2 – Be A Helper: As schools close, there is a very real possibility that many kids may not have enough food. Students that rely on free breakfast and lunch at school might be hungry. You most likely have the means to help a neighbor by simply providing some food. Work with your local school, church, or community organization to provide aid to those that may feel immediate impact from a prolonged absence from school. Just because many are quarantined, doesn’t mean you can’t drop off food or other supplies and be a blessing to those in need. Also, don’t forget about the elderly. They have a far greater health risk than most, so consider ways to help and protect them.
3 – Be Reasonable: There’s nothing wrong with taking reasonable precautions concerning hygiene at a time like this. It’s not necessary to have 96 rolls of toilet paper, but being able to clean and disinfect your house is a good idea. Make sure you take reasonable precautions and use proper hygiene and social etiquette to do what you can to prevent further spread of the virus. Acting like there’s no threat is reckless and tells a watching world that you don’t care. Loving your neighbor will present itself through taking reasonable precautions.
4 – Be Wise Stewards: This might sound out of place at the moment, but with markets down, now is a great time to make wise financial decisions. Refinancing a house, investing in the stock market, making large purchases (such as a car), can be a good investment at the moment. Practically, such financial decisions can help local and national economies recover quicker from any short-term economic impact. Work with your financial professional to create a plan for making wise financial decisions at this moment in keeping with the principles of stewardship.
5 – Support Your Local Community: Speaking of local economies; now is a great time to support yours. Amazon and Wal-Mart might feel a crunch, but they won’t be going out of business anytime soon. However, local small businesses face such a possibility. You can help by spending money at locally owned and operated businesses. Eat local, shop local, tip a little extra, and look for local proprietors that would greatly appreciate your support during a slower economic time. Doing so can help reduce the possibility of a recession due to the virus shutdown.
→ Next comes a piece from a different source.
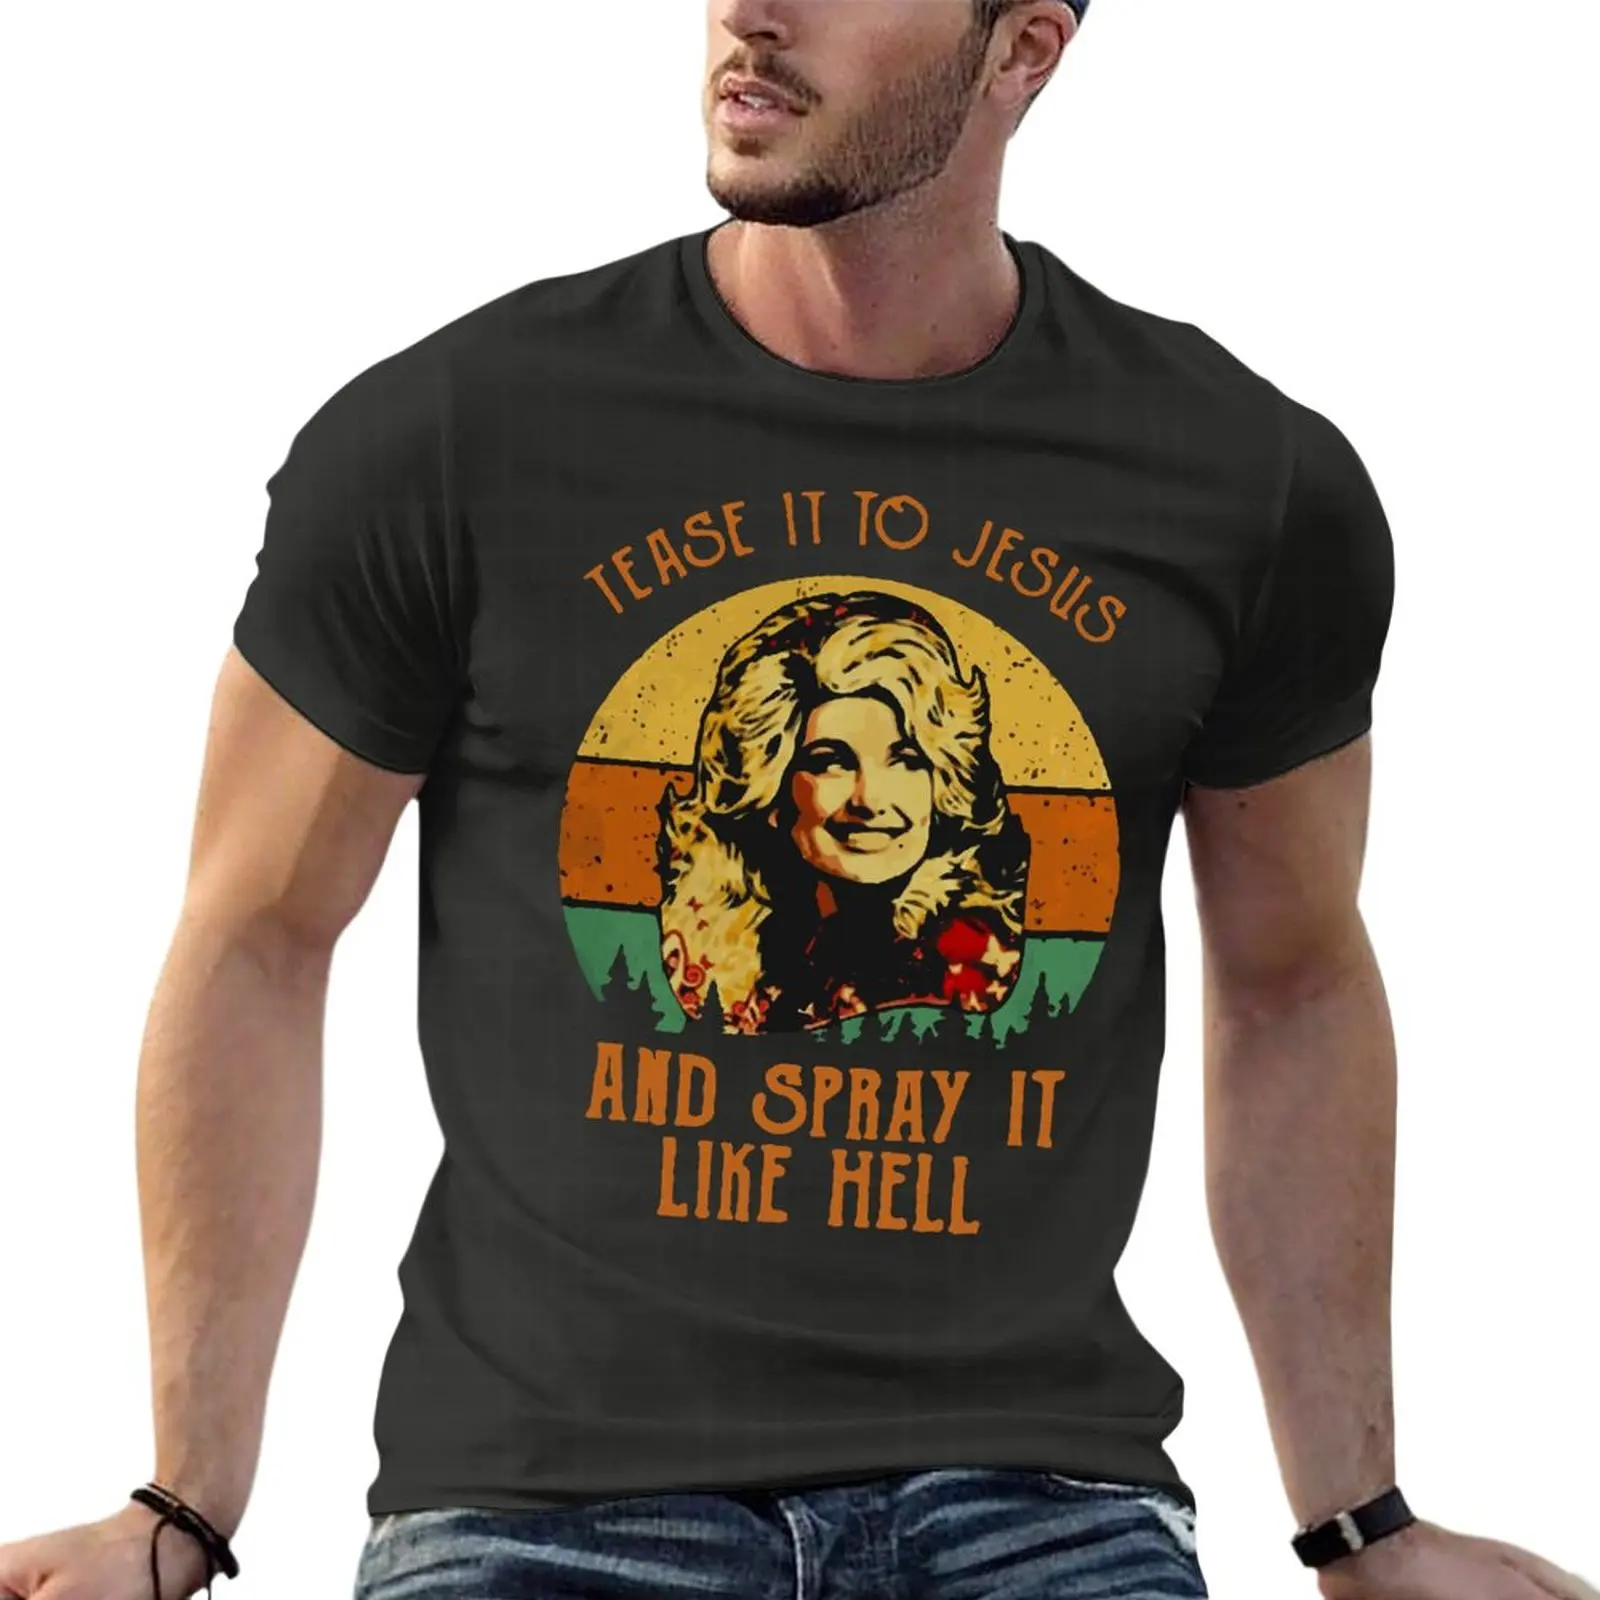 

Dolly Parton Tease It To Jesus And Spray It Like Hell Oversize T-Shirt Personalized Men Clothing Short Sleeve Tops Tee

People of faith should not be known for fear and panic. It’s okay to have legitimate concerns and take measured steps to protect ourselves. It’s not appropriate to panic and forget that our faith is not in markets and economies, but in a sovereign God that promises to never leave us or forsake us.
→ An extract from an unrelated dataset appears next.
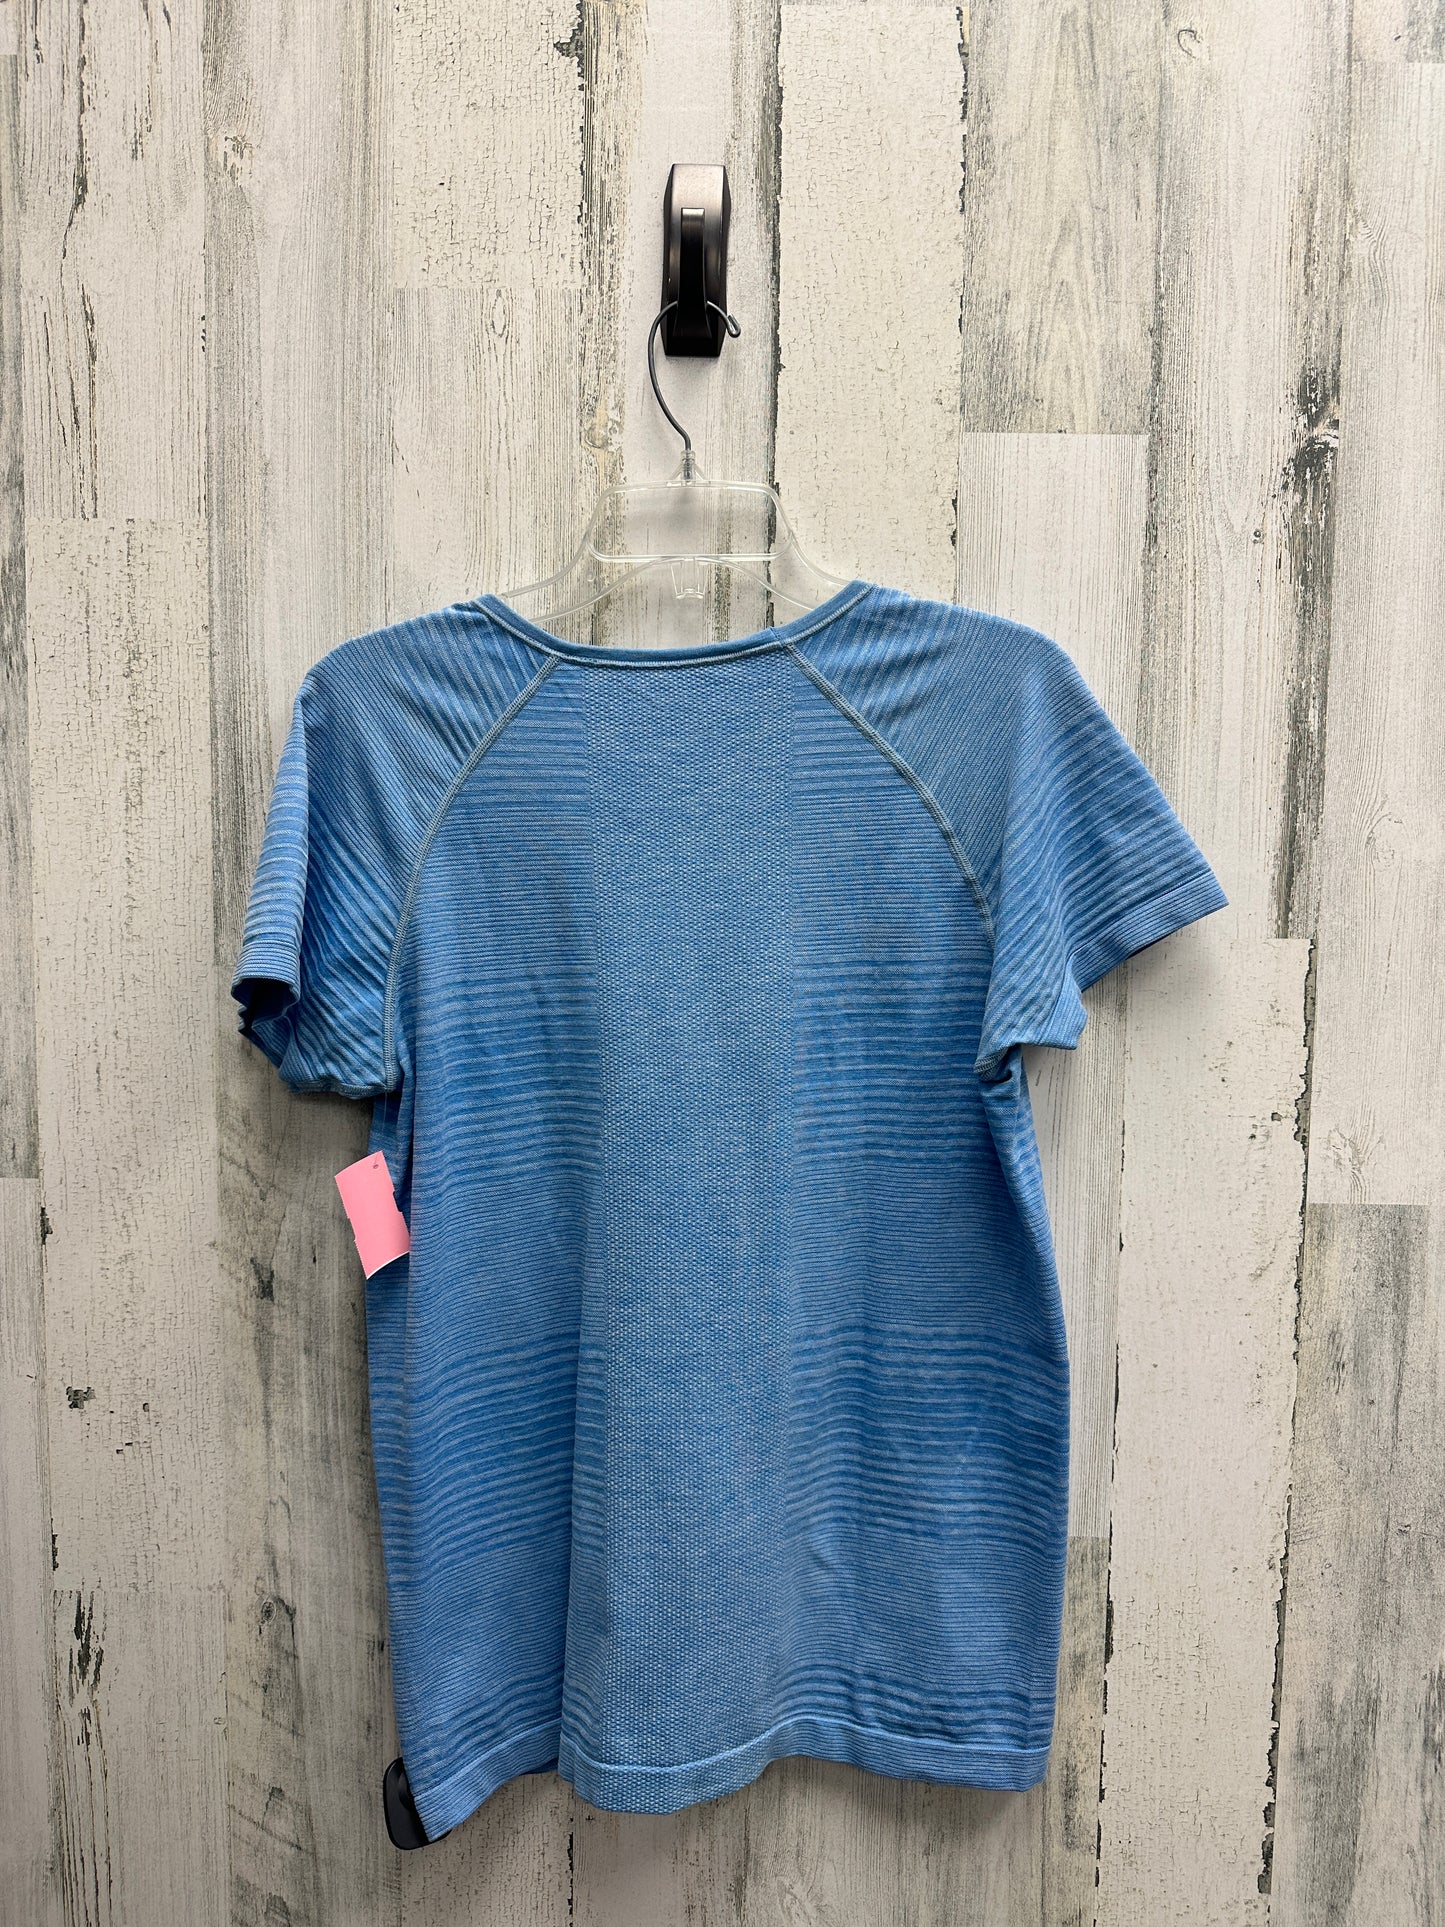 Top Short Sleeve By Patagonia  Size: L

It is at these moments that Christians have historically risen to the challenges before them to extend a helping hand and serve those in need. Many well-known charities were founded by Christians seeing a need and being willing to fill it (The Salvation Army, Compassion International, and Samaritan’s Purse). Now is not the time to change this trend, now is the time for people of faith to strengthen their faith and make it clear that fear does not control us.
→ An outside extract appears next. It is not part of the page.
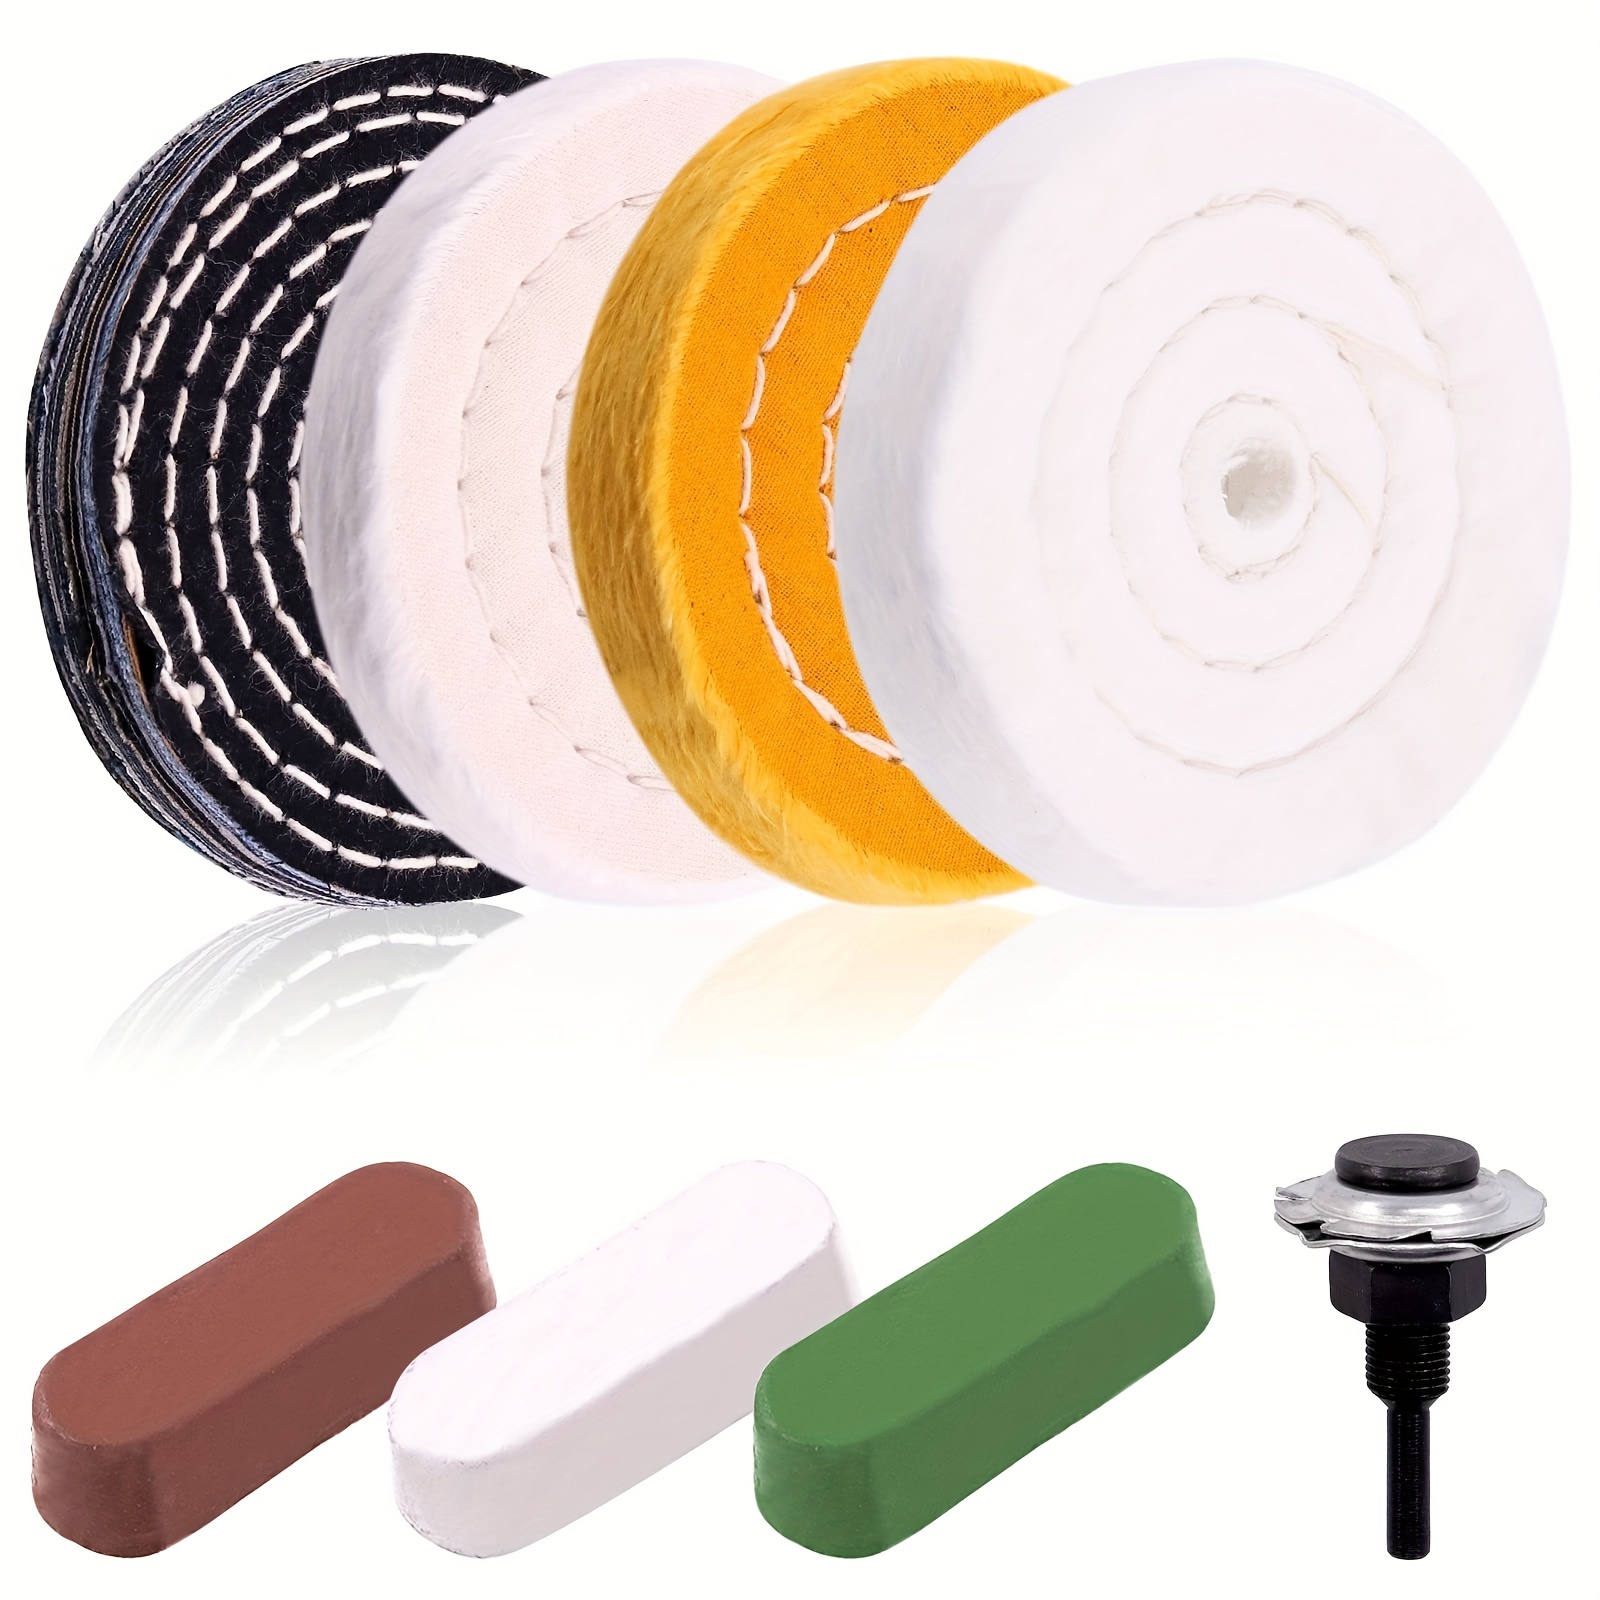 Buffing Polishing Wheel Kit 3 inch,for Bench Buffer/Bench Grinder,Buffing Wheel Hole 3/8 Inch,Drill Arbor Adapter Kit, Size: 70, Other

What we don’t need right now is panicked reactions and social media assaults. Resist the temptation to argue about the cause, government actions, or anything else lacing an eternal perspective. Work diligently to be the person in your community being proactive in helping others, staying healthy, and exercising wise stewardship. Your community needs you right now and the eternal impact of your actions will far outweigh the temporary fallout of COVID-19. Remember, faith without works is dead.